## WHAT YOU ARE ASKED TO DO
Only one span of the listing below should come back. It runs from the line with "Inov 8 Roclite" through the line with "Mortal Kombat 1", and each of its lines must be reproduced exactly.
--- DATA SUPPLIED Enclosed Below ---
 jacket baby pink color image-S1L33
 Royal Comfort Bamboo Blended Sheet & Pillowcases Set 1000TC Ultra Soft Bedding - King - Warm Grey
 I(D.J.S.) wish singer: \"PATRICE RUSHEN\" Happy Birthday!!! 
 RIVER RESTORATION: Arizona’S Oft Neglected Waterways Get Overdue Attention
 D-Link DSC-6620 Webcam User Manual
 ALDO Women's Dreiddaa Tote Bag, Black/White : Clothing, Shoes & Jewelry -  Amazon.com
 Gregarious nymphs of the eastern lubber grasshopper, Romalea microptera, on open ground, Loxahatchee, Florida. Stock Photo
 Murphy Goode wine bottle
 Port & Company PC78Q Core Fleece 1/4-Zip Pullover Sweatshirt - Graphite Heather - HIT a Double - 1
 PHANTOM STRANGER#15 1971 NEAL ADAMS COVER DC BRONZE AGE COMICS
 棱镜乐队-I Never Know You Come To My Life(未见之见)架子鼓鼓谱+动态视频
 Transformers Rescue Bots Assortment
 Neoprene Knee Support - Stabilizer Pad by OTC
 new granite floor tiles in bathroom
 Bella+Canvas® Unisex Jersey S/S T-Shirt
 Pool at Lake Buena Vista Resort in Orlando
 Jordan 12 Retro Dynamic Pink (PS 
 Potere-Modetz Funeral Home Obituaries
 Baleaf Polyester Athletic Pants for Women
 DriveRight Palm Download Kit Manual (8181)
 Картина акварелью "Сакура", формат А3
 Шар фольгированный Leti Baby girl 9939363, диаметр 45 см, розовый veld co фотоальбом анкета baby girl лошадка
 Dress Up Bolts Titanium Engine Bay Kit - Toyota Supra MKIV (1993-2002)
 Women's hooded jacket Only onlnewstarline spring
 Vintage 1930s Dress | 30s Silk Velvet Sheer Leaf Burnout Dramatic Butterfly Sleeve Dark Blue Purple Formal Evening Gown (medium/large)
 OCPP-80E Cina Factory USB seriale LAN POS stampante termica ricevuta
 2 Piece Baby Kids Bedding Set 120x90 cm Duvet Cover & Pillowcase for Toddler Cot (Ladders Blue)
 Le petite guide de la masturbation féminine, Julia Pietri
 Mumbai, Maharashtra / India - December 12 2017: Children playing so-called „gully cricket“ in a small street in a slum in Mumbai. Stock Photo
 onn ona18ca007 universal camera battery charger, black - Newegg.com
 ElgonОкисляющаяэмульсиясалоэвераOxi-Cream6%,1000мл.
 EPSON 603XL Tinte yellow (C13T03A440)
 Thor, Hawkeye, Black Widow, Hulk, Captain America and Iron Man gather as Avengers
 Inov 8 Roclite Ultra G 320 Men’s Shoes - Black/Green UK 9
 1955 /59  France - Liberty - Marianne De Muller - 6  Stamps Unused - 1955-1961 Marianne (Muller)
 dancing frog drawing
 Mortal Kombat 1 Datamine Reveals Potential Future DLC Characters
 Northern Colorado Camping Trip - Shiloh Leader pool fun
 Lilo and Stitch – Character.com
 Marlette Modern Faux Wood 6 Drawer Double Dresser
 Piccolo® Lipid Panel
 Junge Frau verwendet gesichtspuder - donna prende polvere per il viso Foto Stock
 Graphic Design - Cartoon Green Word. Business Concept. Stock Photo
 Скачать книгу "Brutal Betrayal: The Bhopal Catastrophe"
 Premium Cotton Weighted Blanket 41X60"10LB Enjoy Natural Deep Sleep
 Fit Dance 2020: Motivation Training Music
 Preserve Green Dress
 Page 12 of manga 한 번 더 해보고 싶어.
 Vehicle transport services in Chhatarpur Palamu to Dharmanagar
--- End of Enclosed DATA SUPPLIED ---
## TASK OUTPUT
 Inov 8 Roclite Ultra G 320 Men’s Shoes - Black/Green UK 9
 1955 /59  France - Liberty - Marianne De Muller - 6  Stamps Unused - 1955-1961 Marianne (Muller)
 dancing frog drawing
 Mortal Kombat 1 Datamine Reveals Potential Future DLC Characters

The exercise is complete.